The gardening cult puzzles some folks. But for members, digging our hands in the earth helps us to make peace with—or take a rest from—grappling with life’s mysteries.
The man I’ve lived with for nearly fifteen years taught me about the comfort of gardening when my father died eleven years ago; the garden was the only place to release memories of his suffering. Through nature, my partner has reminded me about the undeniable cycle of life.
Even my father, who scrubbed his nails from tire dirt after a hard day’s work rather than gardening soil, accepted the fundamentals of life.

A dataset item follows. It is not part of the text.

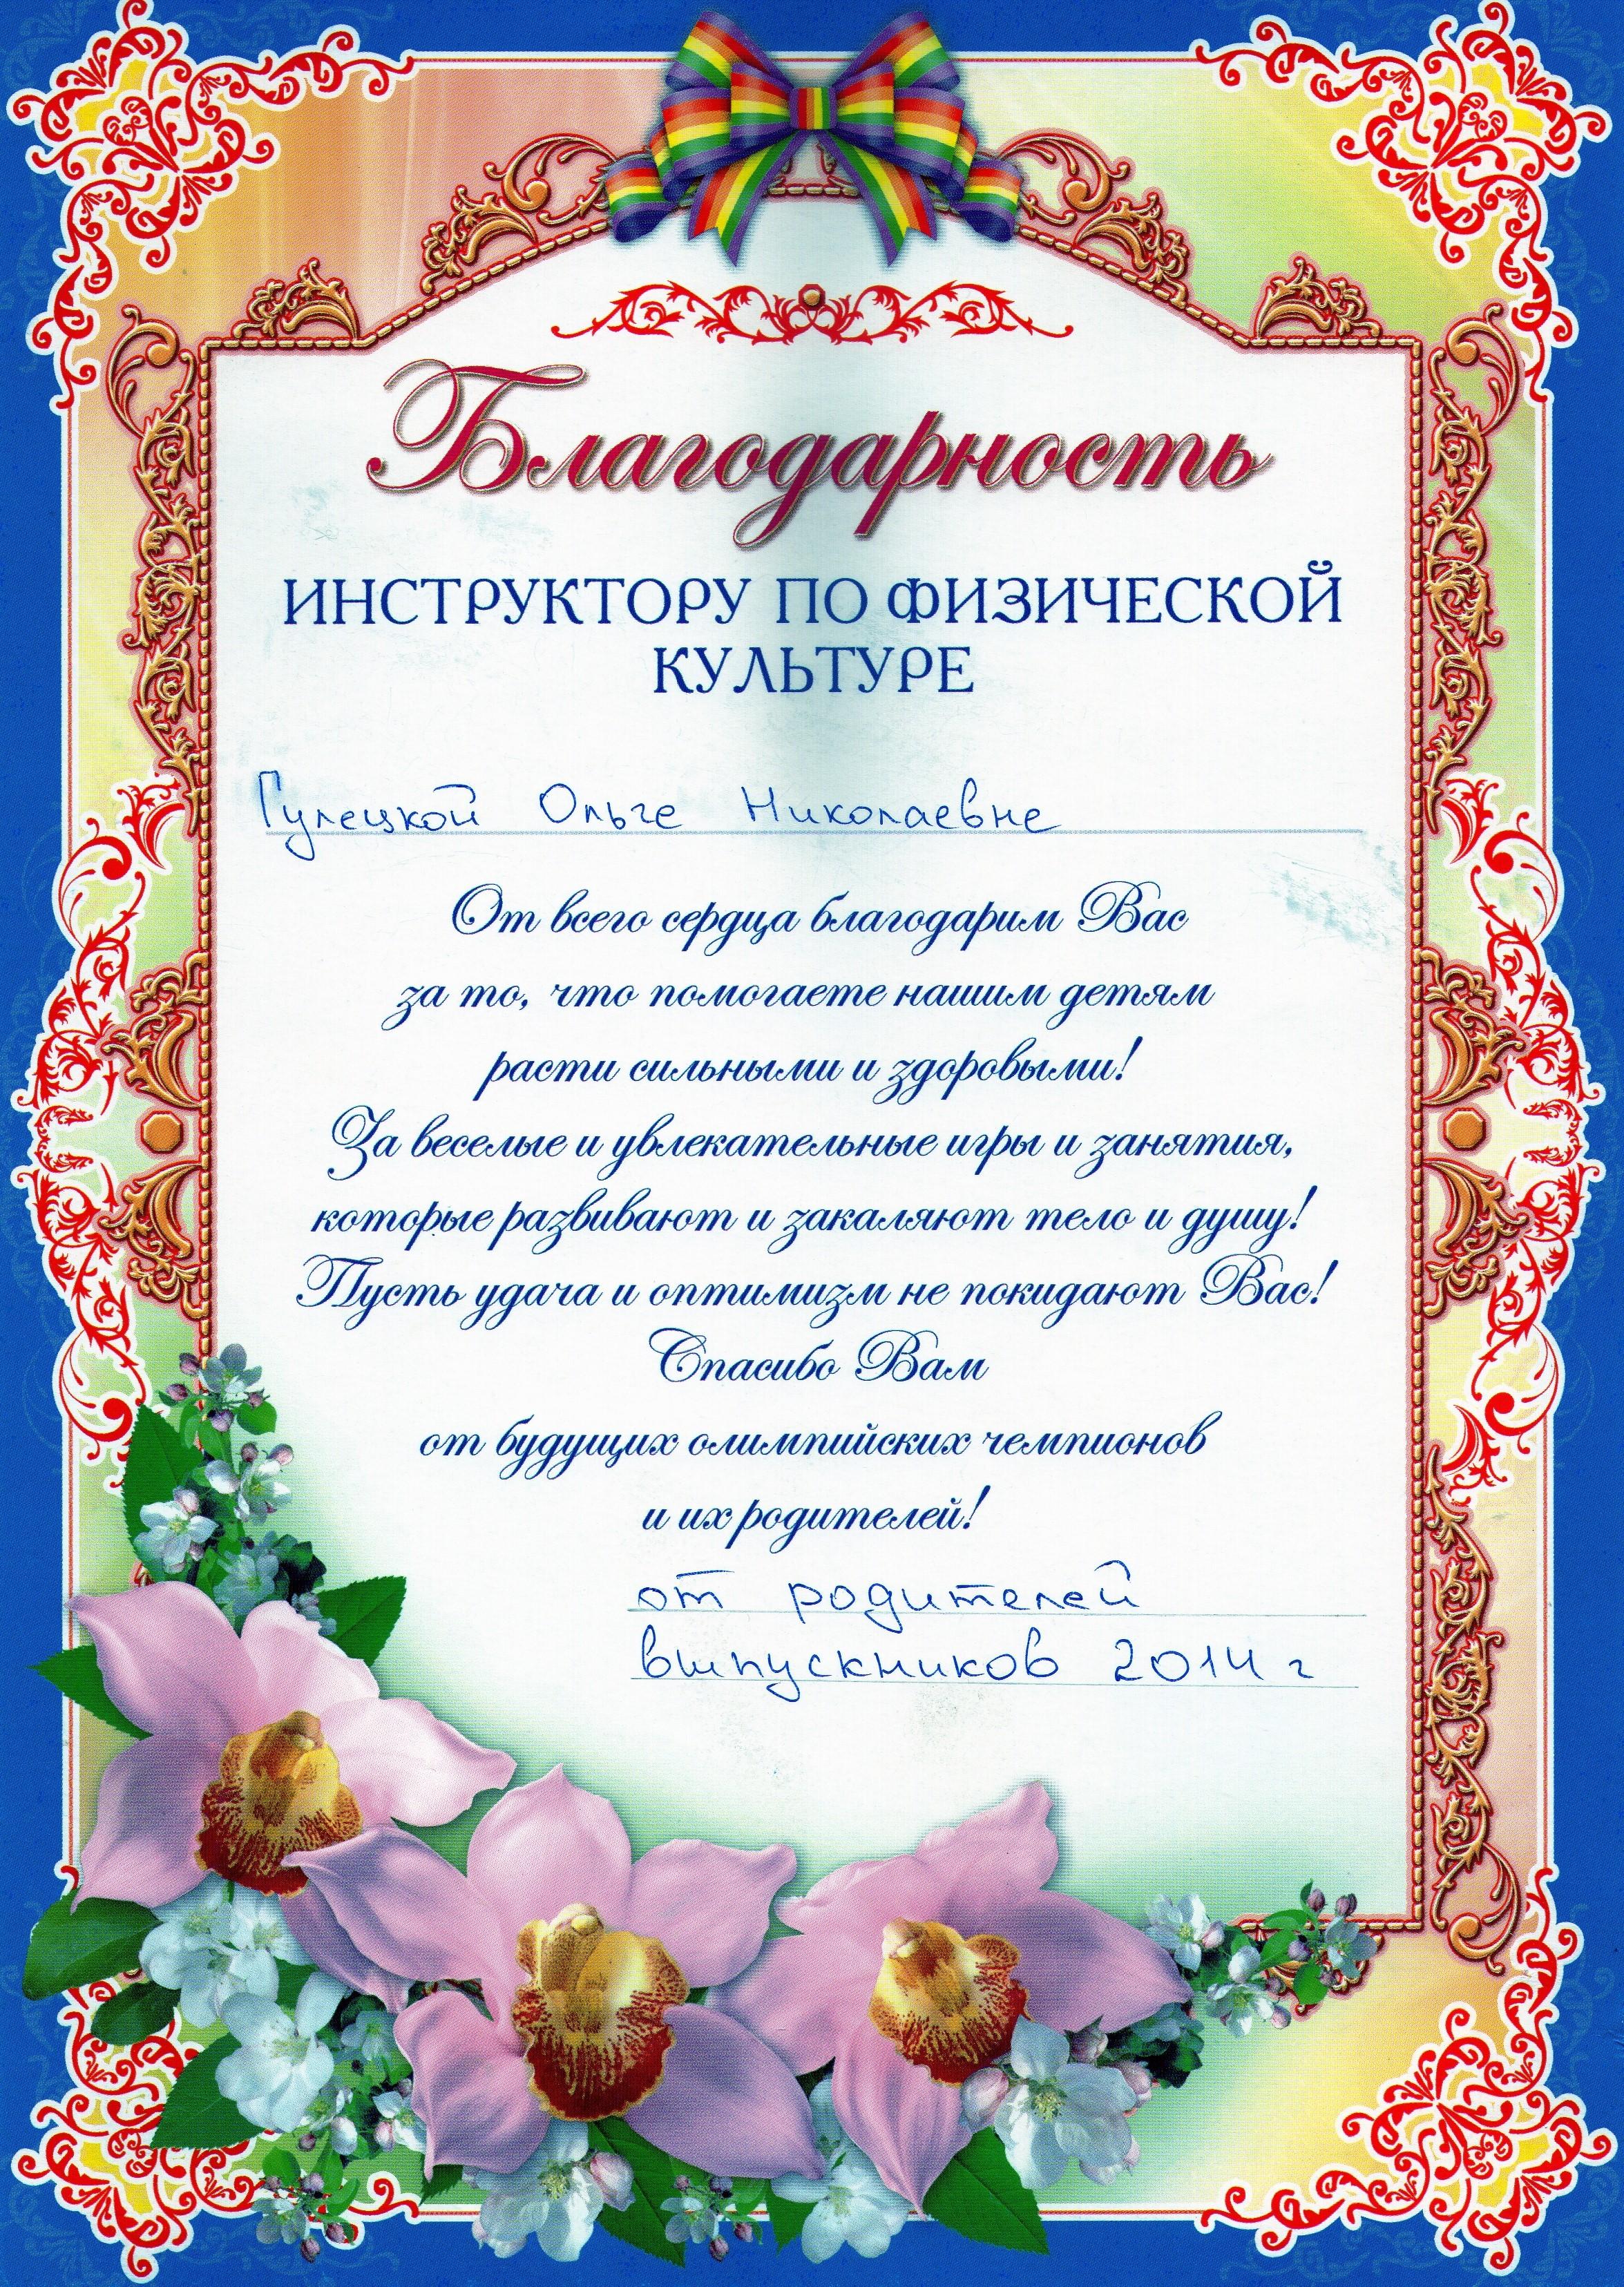 Поздравление специалистов в детском саду на выпускном

When we planted my grandmother back in the earth, he murmured, “Ashes to ashes, dust to dust.” I walked quietly by his side, doubly stricken by his ashen face.

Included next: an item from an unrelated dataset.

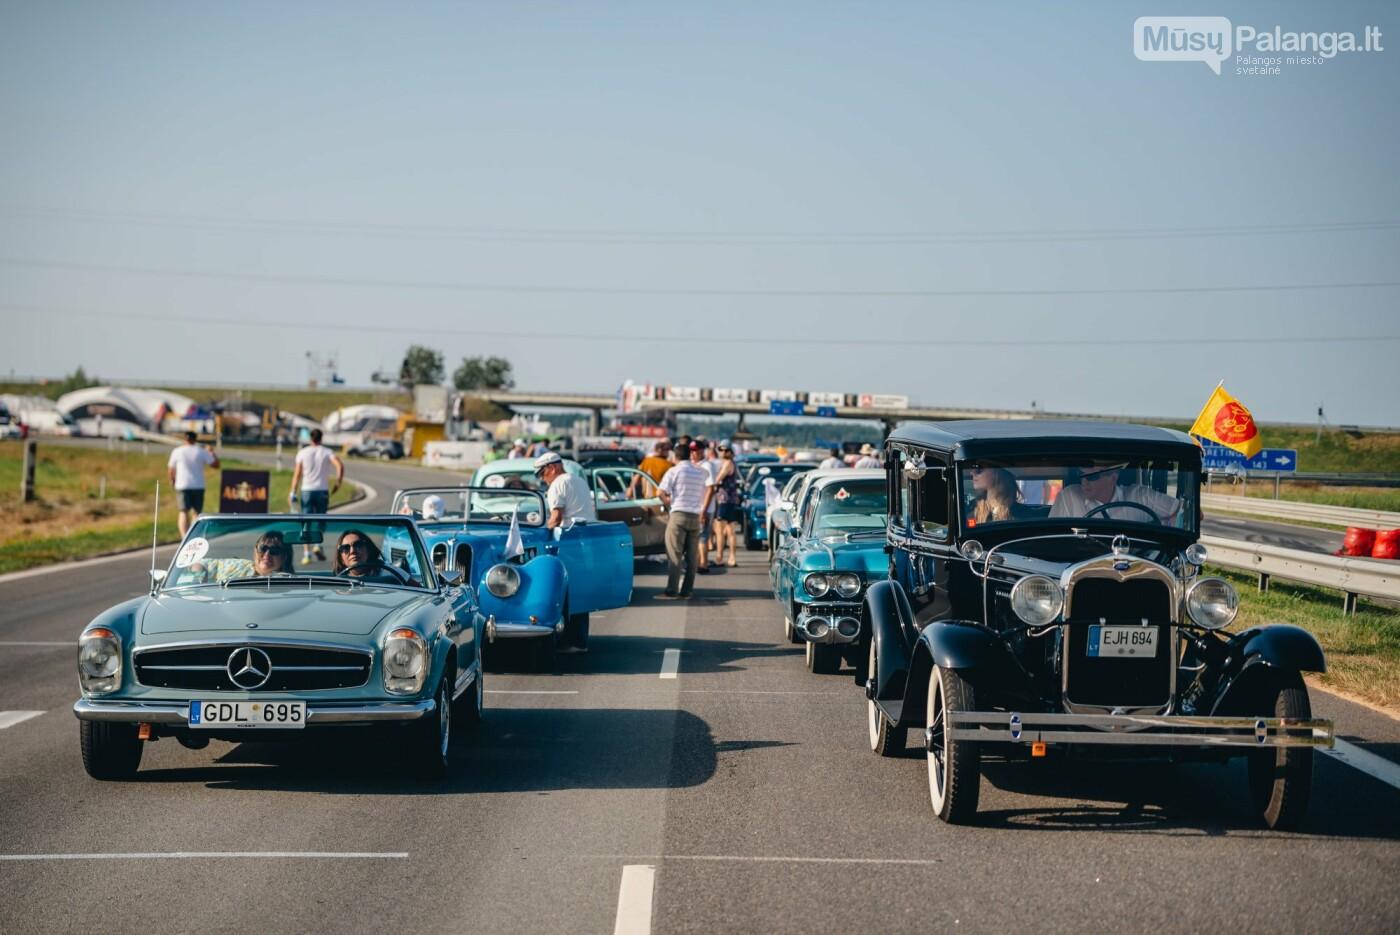 """2022-ųjų liepos vidury Palangą drebins 23-osios """"Aurum 1006 km lenktynės"""", nuotrauka-14, Vytauto PILKAUSKO nuotr."""

Gardening is the great equalizer.
In the chill of winter mornings, I’ve stumbled to our basement, filling pots as my promise for the following months. We’ve watched the seedlings poke their heads up, slowly returning me to spring, my natural set point.

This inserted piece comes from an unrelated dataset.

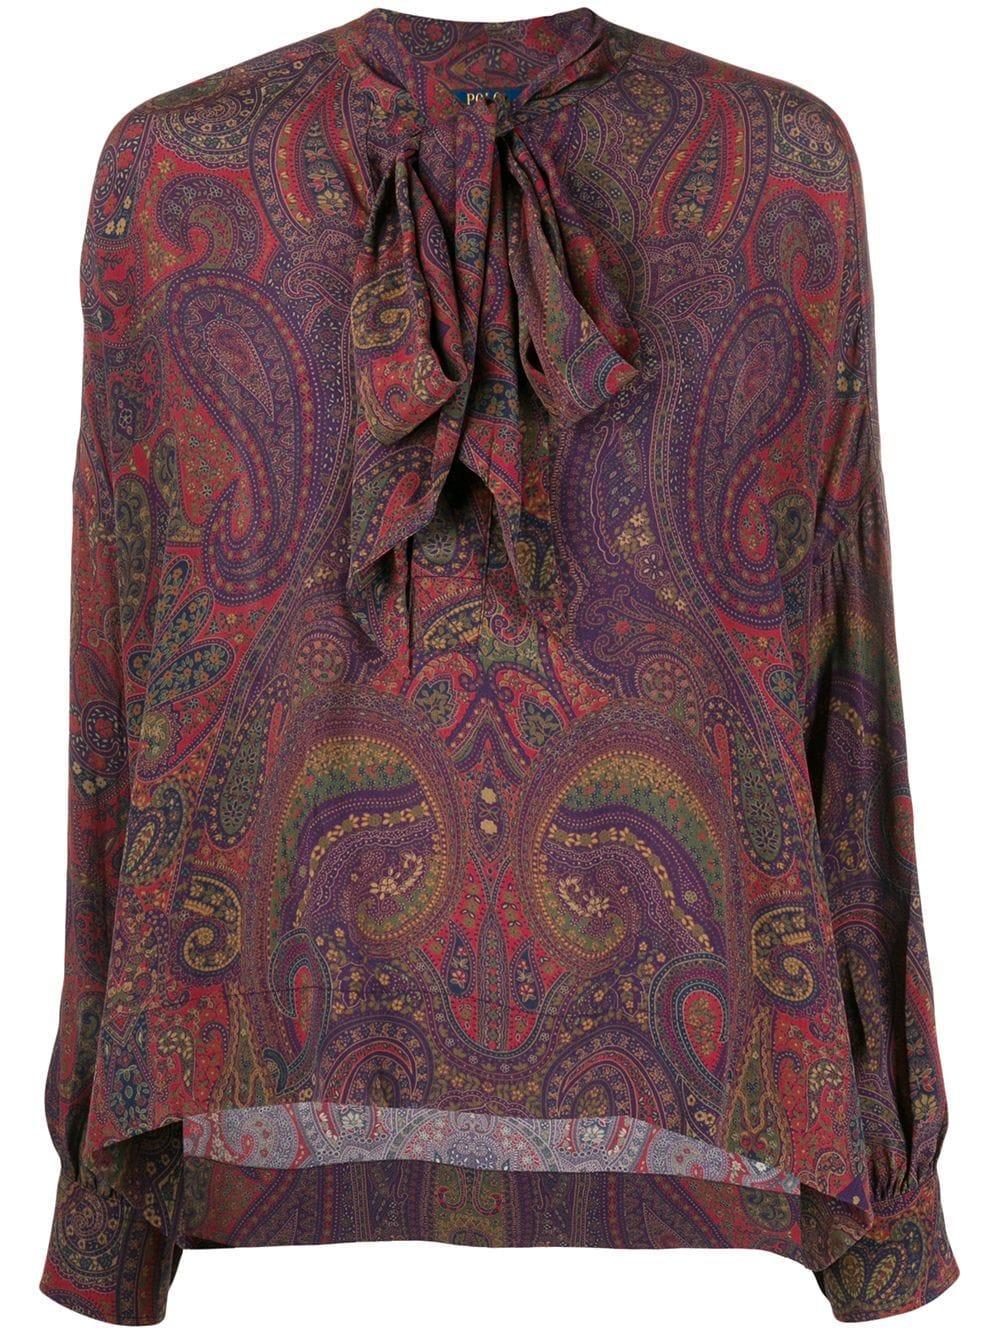 L/S Paisley Print Blouse W/Neck Tie Item # 211765242002

Several years ago before the first crocus bloomed, my mom passed out around midnight, trying to reach her bed. Even though she split her head open and had a swollen mask of bruises, she came to and reached the phone in time. She was determined, after a week in the ICU and a month of slow healing, to right herself like an upside-down bulb, instinctively flipping itself over to reach for the sun.